Work to complete - Whenever a line in the data contains "Wolfsburg", show that line.

Records from a collection

════════

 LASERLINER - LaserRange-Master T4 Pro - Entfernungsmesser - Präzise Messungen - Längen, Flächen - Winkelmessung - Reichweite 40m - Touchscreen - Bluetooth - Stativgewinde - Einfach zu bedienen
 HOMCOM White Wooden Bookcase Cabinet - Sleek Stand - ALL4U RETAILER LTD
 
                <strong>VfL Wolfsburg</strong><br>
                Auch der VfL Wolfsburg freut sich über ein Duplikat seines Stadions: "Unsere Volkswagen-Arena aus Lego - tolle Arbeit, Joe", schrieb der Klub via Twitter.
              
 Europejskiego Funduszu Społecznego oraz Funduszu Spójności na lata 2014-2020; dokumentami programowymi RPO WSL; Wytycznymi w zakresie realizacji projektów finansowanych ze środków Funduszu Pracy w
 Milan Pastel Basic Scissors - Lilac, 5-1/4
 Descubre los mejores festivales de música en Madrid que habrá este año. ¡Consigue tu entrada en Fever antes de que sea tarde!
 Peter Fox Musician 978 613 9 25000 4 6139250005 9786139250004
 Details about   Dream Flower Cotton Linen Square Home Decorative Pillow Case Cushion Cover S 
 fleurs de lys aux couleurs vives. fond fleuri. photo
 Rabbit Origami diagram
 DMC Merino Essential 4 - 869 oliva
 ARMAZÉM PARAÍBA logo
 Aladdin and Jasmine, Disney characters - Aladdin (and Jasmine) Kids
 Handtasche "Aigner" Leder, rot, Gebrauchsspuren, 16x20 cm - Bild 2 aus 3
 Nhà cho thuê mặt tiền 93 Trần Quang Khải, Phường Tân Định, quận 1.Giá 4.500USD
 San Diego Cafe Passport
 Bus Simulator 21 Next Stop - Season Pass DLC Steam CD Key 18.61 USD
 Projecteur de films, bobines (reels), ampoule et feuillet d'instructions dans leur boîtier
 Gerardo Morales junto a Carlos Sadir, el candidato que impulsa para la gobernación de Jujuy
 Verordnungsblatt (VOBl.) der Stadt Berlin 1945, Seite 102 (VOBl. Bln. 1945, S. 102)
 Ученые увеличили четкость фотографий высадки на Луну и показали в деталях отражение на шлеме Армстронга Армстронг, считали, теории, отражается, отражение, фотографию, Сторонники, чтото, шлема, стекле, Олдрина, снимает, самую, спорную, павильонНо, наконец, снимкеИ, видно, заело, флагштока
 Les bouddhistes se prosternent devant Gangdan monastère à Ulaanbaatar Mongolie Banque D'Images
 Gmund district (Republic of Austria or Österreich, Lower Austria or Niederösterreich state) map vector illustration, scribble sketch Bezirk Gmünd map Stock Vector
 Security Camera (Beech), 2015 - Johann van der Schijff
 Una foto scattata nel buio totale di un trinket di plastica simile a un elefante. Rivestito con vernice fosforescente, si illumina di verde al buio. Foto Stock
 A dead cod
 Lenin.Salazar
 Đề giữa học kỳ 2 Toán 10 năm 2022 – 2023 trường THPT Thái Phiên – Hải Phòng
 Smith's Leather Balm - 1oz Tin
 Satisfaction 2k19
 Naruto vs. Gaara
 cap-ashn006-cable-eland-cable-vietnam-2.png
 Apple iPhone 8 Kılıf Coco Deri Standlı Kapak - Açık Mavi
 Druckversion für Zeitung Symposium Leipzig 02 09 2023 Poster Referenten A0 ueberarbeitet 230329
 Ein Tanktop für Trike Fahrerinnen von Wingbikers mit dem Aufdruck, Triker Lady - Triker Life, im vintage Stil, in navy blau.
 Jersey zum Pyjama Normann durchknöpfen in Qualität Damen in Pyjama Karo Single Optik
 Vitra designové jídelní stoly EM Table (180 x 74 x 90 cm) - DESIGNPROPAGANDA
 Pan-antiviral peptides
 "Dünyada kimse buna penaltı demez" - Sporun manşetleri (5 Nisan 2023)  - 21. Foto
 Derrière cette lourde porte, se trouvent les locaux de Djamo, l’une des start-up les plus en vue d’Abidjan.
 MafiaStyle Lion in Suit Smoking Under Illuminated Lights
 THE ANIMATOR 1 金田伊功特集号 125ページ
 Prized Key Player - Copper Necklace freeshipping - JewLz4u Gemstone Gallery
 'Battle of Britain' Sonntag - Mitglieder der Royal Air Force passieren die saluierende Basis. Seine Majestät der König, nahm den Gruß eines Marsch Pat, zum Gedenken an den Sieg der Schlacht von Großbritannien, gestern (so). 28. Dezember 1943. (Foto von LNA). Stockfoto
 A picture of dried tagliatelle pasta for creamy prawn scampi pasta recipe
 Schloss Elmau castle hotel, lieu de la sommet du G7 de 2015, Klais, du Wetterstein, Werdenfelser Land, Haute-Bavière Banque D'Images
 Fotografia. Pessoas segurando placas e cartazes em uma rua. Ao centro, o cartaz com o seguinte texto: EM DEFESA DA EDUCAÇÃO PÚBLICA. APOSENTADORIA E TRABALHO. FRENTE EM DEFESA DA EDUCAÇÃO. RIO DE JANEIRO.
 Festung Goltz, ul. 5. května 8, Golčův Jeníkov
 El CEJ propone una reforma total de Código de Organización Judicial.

════════

Answer below -
                <strong>VfL Wolfsburg</strong><br>
                Auch der VfL Wolfsburg freut sich über ein Duplikat seines Stadions: "Unsere Volkswagen-Arena aus Lego - tolle Arbeit, Joe", schrieb der Klub via Twitter.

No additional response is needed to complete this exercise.